简介
在RDD源码走读分析的例子中看到,通过RDD执行map和reduce方法即可计算数组元素的平方和,RDD的reduce方法最终调用了dagScheduler.runJob方法执行任务,DAGScheduler是如何划分划分并行计算任务的是本章关注的重点。在了解DAGScheduler前先了解下几个概念:
几个概念
Job: 向DAG Scheduler提交的一次作业,在RDD中,每执行一次Action(如collect, count, reduce等)的操作就会提交一个Job,Job是通过DAGScheduler的submitJob方法提交的。
Stage: 一个Job包含多个Stage,Stage之间的边界是一个Shuffle的过程,在DAG中上游的Stage将计算结果输出后,下游的Stage获取结果后才能进行计算。在Spark中有两类Stage,一类是ShuffleMapStage,用于为shuffle输出结果,另一类是ResultStage,是DAG中最后的一个Stage,用于输出计算结果。如果多个Job共享一个RDD,则Stage也可以在多个Job之间共享。
Task: 一个独立的计算单元,一个Stage可以包含多个Task,每一个Stage内的Task负责在同一个RDD的不同partition上运行相同的函数。
从runJob开始吧
在RDD执行一个action的操作后最终都会调用DAGScheduler的runJob方法开始执行作业,runJob的代码如下:
def runJob[T, U](
rdd: RDD[T],
func: (TaskContext, Iterator[T]) => U,
partitions: Seq[Int],
callSite: CallSite,
resultHandler: (Int, U) => Unit,
properties: Properties): Unit = {
val start = System.nanoTime
val waiter = submitJob(rdd, func, partitions, callSite, resultHandler, properties)
ThreadUtils.awaitReady(waiter.completionFuture, Duration.Inf)
waiter.completionFuture.value.get match {
case scala.util.Success(_) =>
logInfo("Job %d finished: %s, took %f s".format
(waiter.jobId, callSite.shortForm, (System.nanoTime - start) / 1e9))
case scala.util.Failure(exception) =>
logInfo("Job %d failed: %s, took %f s".format
(waiter.jobId, callSite.shortForm, (System.nanoTime - start) / 1e9))
// SPARK-8644: Include user stack trace in exceptions coming from DAGScheduler.
val callerStackTrace = Thread.currentThread().getStackTrace.tail
exception.setStackTrace(exception.getStackTrace ++ callerStackTrace)
throw exception
}
}
这个方法传入了要计算的RDD,计算函数 func,需要在RDD的哪些partition上计算,结果处理函数resultHandler,配置项信息等,调用SubmitJob函数,该函数返回了一个waiter对象用于异步等待计算结果返回。因此重点在于submitJob之中。
submitJob的代码如下:
def submitJob[T, U](
rdd: RDD[T],
func: (TaskContext, Iterator[T]) => U,
partitions: Seq[Int],
callSite: CallSite,
resultHandler: (Int, U) => Unit,
properties: Properties): JobWaiter[U] = {
// Check to make sure we are not launching a task on a partition that does not exist.

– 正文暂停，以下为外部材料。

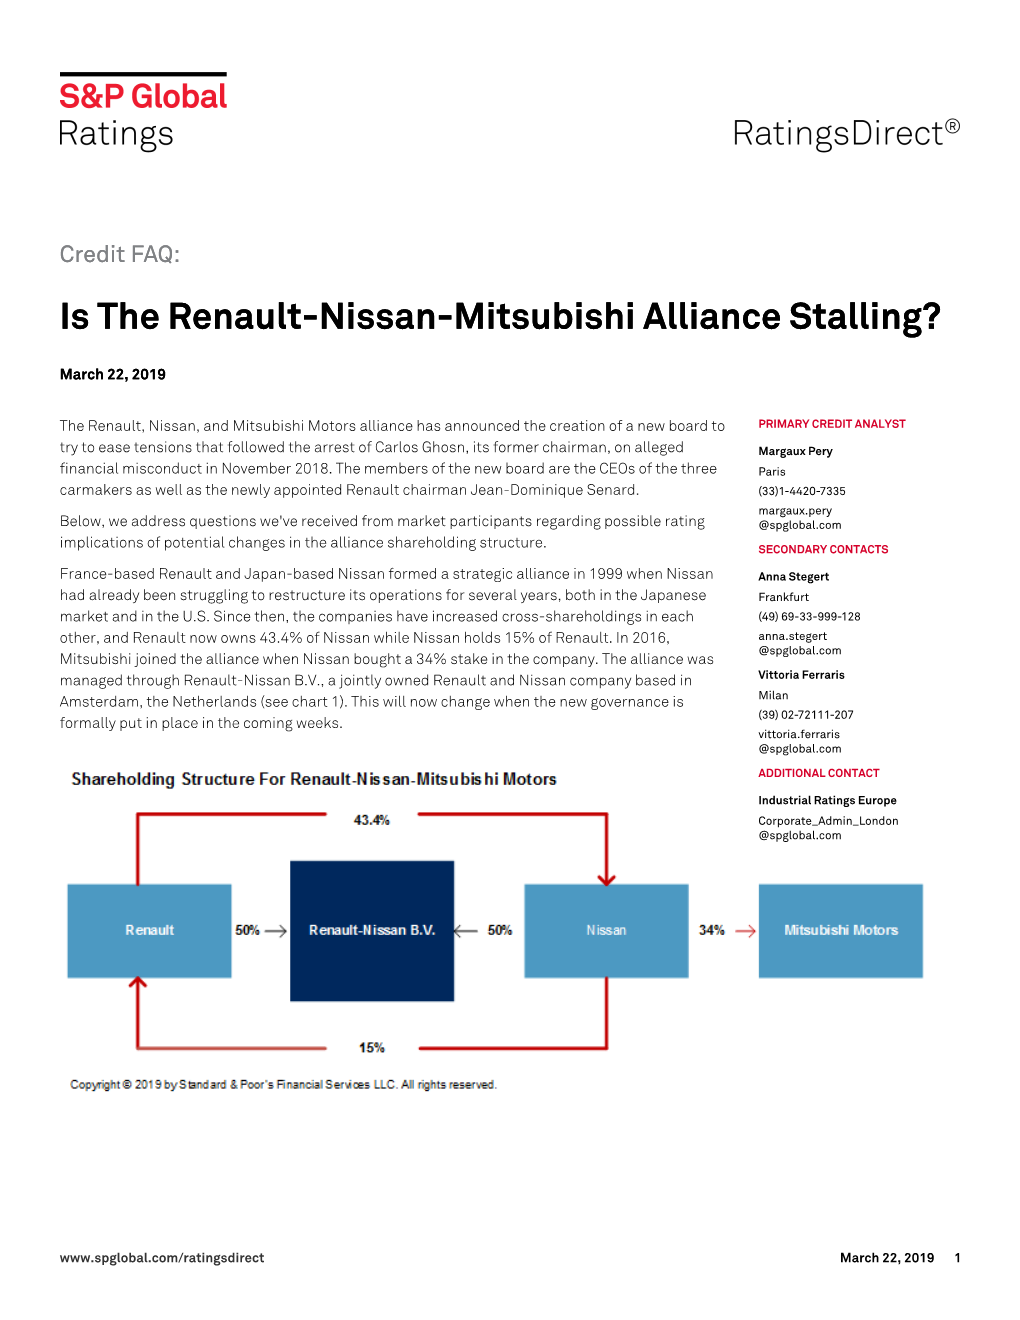 Is the Renault-Nissan-Mitsubishi Alliance Stalling?

val maxPartitions = rdd.partitions.length
partitions.find(p => p >= maxPartitions || p < 0).foreach { p =>
throw new IllegalArgumentException(
"Attempting to access a non-existent partition: " + p + ". " +
"Total number of partitions: " + maxPartitions)
}
val jobId = nextJobId.getAndIncrement()
if (partitions.size == 0) {
// Return immediately if the job is running 0 tasks
return new JobWaiter[U](this, jobId, 0, resultHandler)
}
assert(partitions.size > 0)
val func2 = func.asInstanceOf[(TaskContext, Iterator[_]) => _]
val waiter = new JobWaiter(this, jobId, partitions.size, resultHandler)
eventProcessLoop.post(JobSubmitted(
jobId, rdd, func2, partitions.toArray, callSite, waiter,
SerializationUtils.clone(properties)))
waiter
}
这段代码主要包括判断partition 的index是否越界,生成JobID,生成waiter对象,将JobSubmitted事件提交到事件处理对列eventProcessLoop中,因此需要重点看这个队列是怎样处理JobSubmitted事件的。
eventProcessLoop是一个DAGSchedulerEventProcessLoop对象,DAGSchedulerEventProcessLoop负责接收事件,并在一个Daemon线程中异步的按照FIFO的顺序处理这些事件。事件处理的主体逻辑在doOnReceive中,该方法中对JobSubmitted的处理方式是调用DAGScheduler的handleJobSubmitted方法,因此视线需要转移到handleJobSubmitted上来:
private[scheduler] def handleJobSubmitted(jobId: Int,
finalRDD: RDD[_],
func: (TaskContext, Iterator[_]) => _,
partitions: Array[Int],
callSite: CallSite,
listener: JobListener,
properties: Properties) {
var finalStage: ResultStage = null
try {
finalStage = createResultStage(finalRDD, func, partitions, jobId, callSite)
} catch {
case e: Exception =>
listener.jobFailed(e)
return
}
val job = new ActiveJob(jobId, finalStage, callSite, listener, properties)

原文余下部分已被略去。